When to use this skill
- The user wants to change how an already-connected table is synced
- A diagnosis flagged the incremental field or primary key as wrong
- The table is syncing too often / not often enough
- Switching an incremental table to CDC (or vice versa)
- The source table was changed on the other side (new columns, dropped columns) and the sync config needs to catch up
If the user is setting up a brand-new source, use setting-up-a-data-warehouse-source instead — configuration is
chosen at creation time there.
Available tools
| Tool | Purpose |
|---|
external-data-schemas-retrieve | Current sync_type, incremental_field, PKs, sync_frequency |
external-data-schemas-incremental-fields-create | Refresh candidate incremental fields from the live source |
external-data-schemas-partial-update | Apply the config change |
external-data-schemas-reload | Trigger a sync with the new config |
external-data-schemas-resync | Wipe and re-import from scratch when the change invalidates existing data |
external-data-schemas-delete-data | Drop the synced table while keeping the schema entry |
external-data-sources-check-cdc-prerequisites-create | Pre-flight Postgres CDC (only when switching to/from CDC) |
external-data-sources-webhook-info-retrieve | Current webhook state (when switching to/from sync_type=webhook) |
external-data-sources-create-webhook-create | Register a webhook after switching a schema to sync_type=webhook |
external-data-sources-update-webhook-inputs-create | Rotate a webhook signing secret |
external-data-sources-delete-webhook-create | Unregister webhook when switching schemas off sync_type=webhook |
The fields you can tune
From the partial-update endpoint:
| Field | Values | Notes |
|---|
sync_type | full_refresh, incremental, append, cdc, webhook | Source must support the target type — check via incremental-fields |
incremental_field | Column name from the source | Must appear in incremental_fields list for the schema |
incremental_field_type | datetime, date, timestamp, integer, numeric, objectid | Must match the column's real type |
primary_key_columns | Array of column names | Required for CDC. Used for upsert dedup on incremental |
cdc_table_mode | consolidated, cdc_only, both | Only meaningful when sync_type=cdc |
sync_frequency | 1min, 5min, 15min, 30min, 1hour, 6hour, 12hour, 24hour, 7day, 30day, never | Applies to all non-CDC types |
sync_time_of_day | HH:MM:SS | When sync_frequency is daily/weekly-scale |
should_sync | true / false | Pause the schema without deleting it |
Workflow
Step 1 — Read the current config
Always start with external-data-schemas-retrieve({id}).
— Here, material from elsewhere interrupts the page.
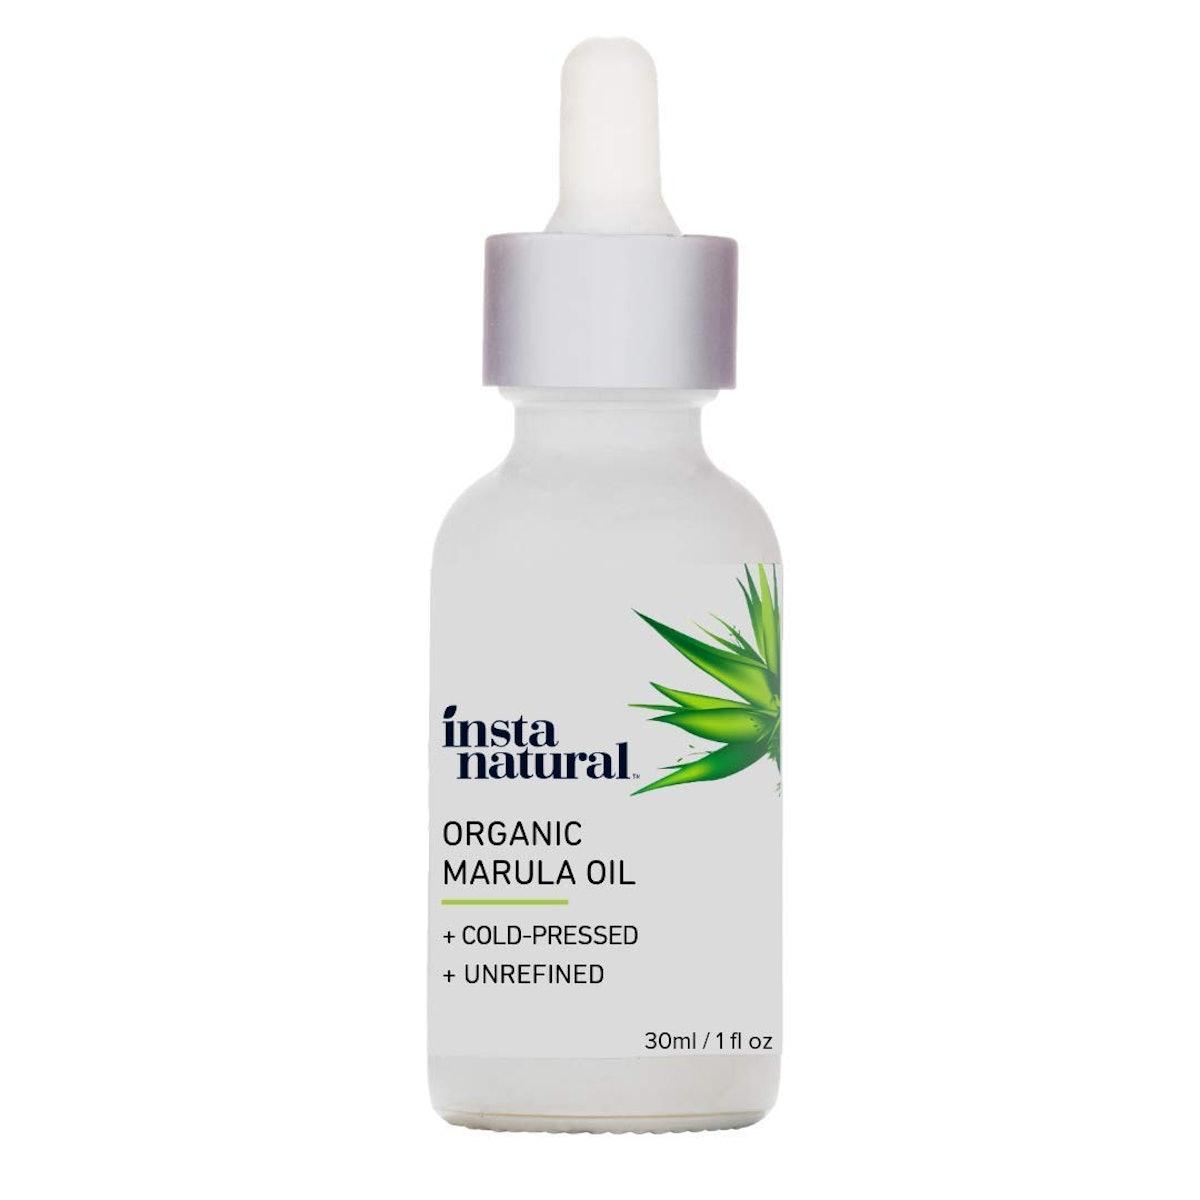 InstaNatural Organic Marula Oil

Understanding the current state prevents mistakes like
"fixing" an incremental_field that's actually correct.
Note:
- Current
sync_type, incremental_field, incremental_field_type, primary_key_columns
- Current
status (don't tune a schema that's currently Running — wait or cancel first)
last_synced_at (so you can tell if the next sync worked)
latest_error if present (the error often tells you exactly what to change)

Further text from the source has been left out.